“By the time we got to California Split,” Elliott Gould once told me about his third collaboration with Robert Altman, “I knew exactly how to work with him. Then again, he didn’t even intend to cast me. It was going to be Steve McQueen first.”
For so celebrated a director, a surprising number of Altman’s movies remain relatively unknown: few recall Quintet, his bleak 1979 sci-fi, or Jazz ’34, his simple and brilliant musical companion to Kansas City. California Split’s obscurity is particularly perplexing, however, because it’s no side project or experimental excursion into unfamiliar territory. It’s a full on Robert Altman movie, in the freewheeling mould of a Nashville (indeed, his experiments here with using the new eight-track system to record overlapping dialogue led directly to the Nashville sound), starring the actor he’s perhaps most associated with.

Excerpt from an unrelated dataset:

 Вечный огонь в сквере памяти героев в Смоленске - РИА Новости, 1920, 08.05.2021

Part of the reason it has gone under the radar is problems around music rights, which held up any home media release for decades. Little known as it is, though, it has become the Altman film with the most devoted cult: gamblers will tell you this hazy masterpiece is the greatest gambling movie ever made. No plot, all character, it’s a deceptively shaggy, jazzily penetrating study of the jumpy minds and empty, driven lives of compulsive gamblers, with Gould and George Segal as strangers who stick together because they bring each other luck, drifting LA’s casinos and racetracks, forever looking for the next bet.

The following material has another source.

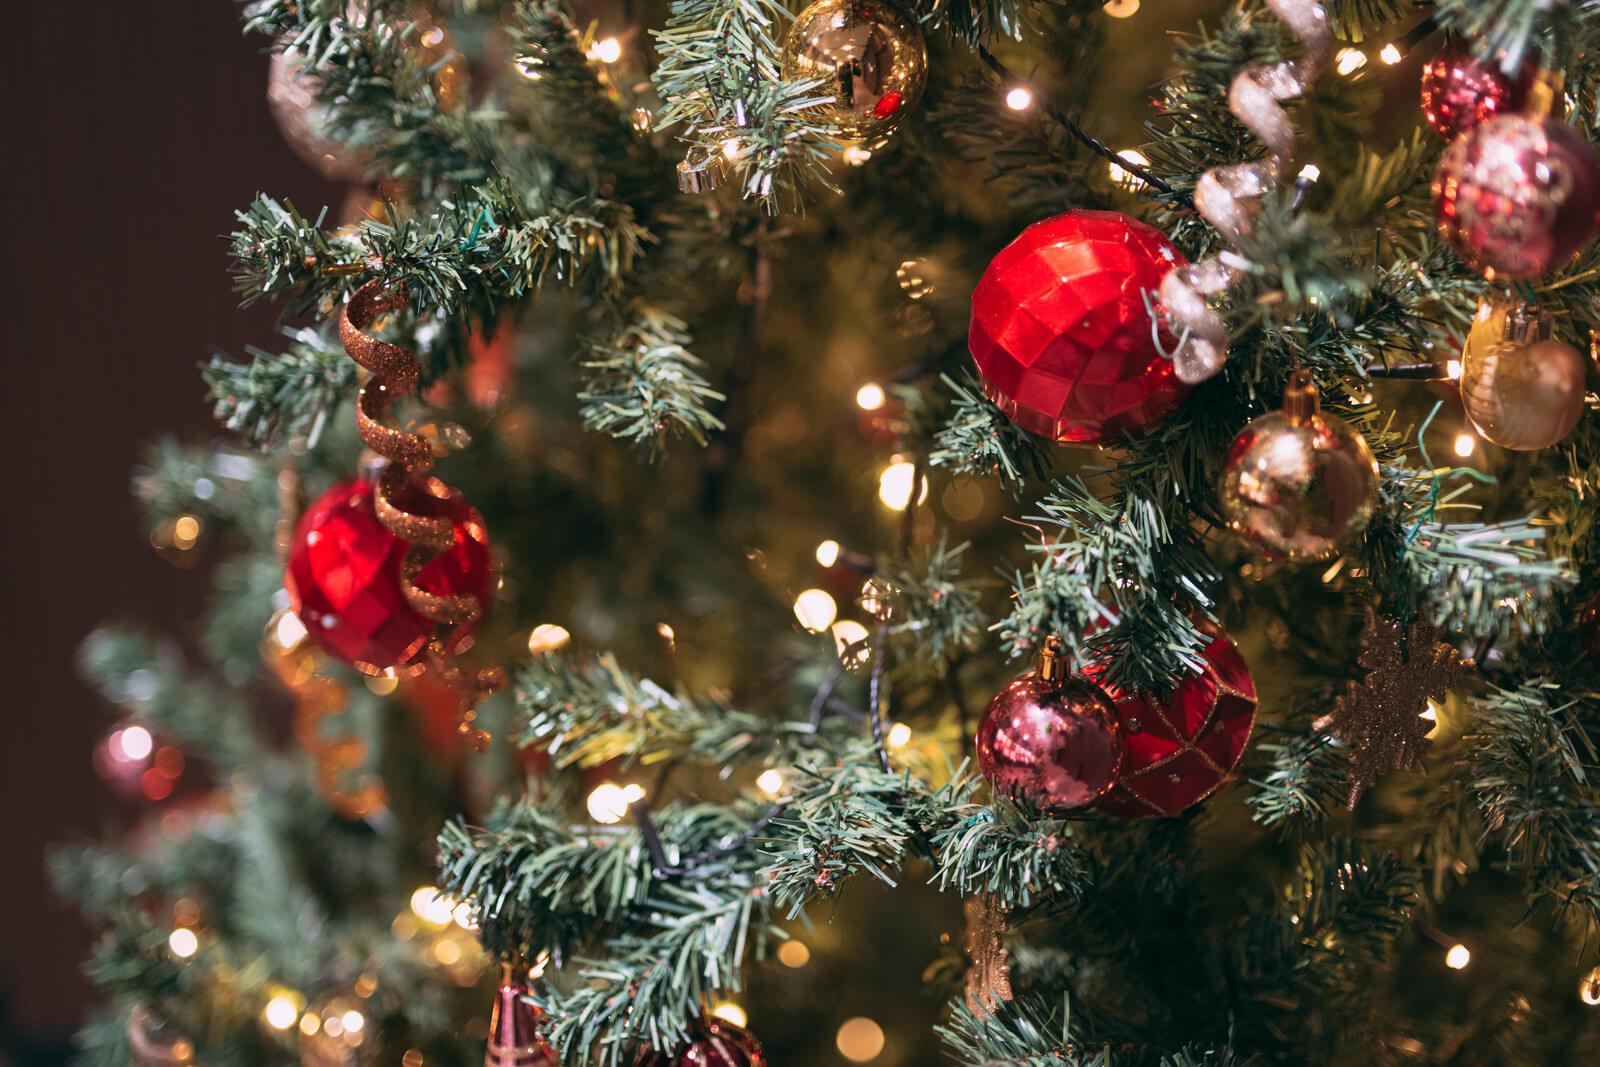 付き合う前の女性・彼女が喜ぶクリスマスプレゼントとは?予算別おすすめギフト10選!【2021年版】

Writer-producer, Joseph Walsh (who takes a small role as Segal’s creepy bookie), knew this shabby world well, and based the script on his own gambling addiction. He originally worked on it with Steven Spielberg; the pair almost made it with McQueen. It’s tempting to imagine the movie that might have been, but safe to say it wouldn’t have been so fully felt. Altman was a self-confessed recovering gambling addict and when, after considering Peter Falk and Robert De Niro, Walsh convinced him his long-term friend Gould was the perfect fit, the art-imitating-life line up was complete: Gould was another gambling obsessive. “Elliott lived his gambling,” Walsh has commented. “He was that character.”

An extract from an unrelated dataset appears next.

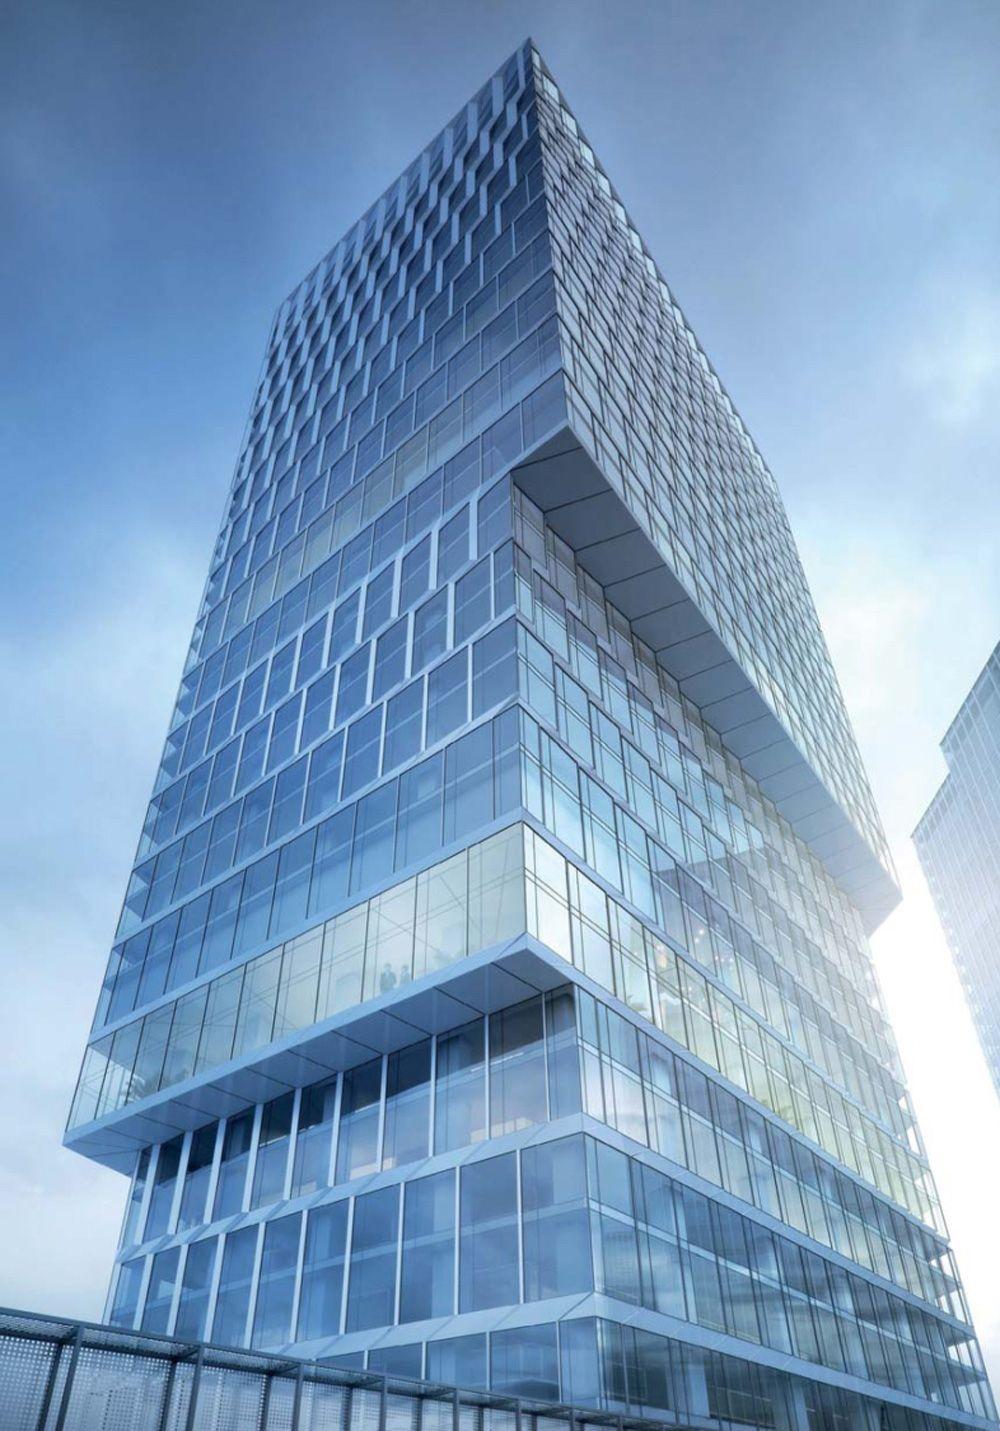 1 preis henn architektur hochhaus futuristische architektur und architektur - Futuristische architektur ...

Loose but wired, Gould decisively altered the movie. The ambiguous ending, as the central pair split, burned out in Reno, was the result of a line he improvised on-camera: “I gotta go home,” Segal mutters. “Yeah?” Gould spits back. “Where do you live?” Walsh had written an entire scene after this, but after seeing what Gould came up with, Altman never bothered to film it.
“What I get from Altman’s work is that he shows a life taking its course,” Gould said. “He gave me the opportunity to experience as well as to exhibit – and I was able to give him perhaps more than he bargained for. And we worked great together, didn’t we?”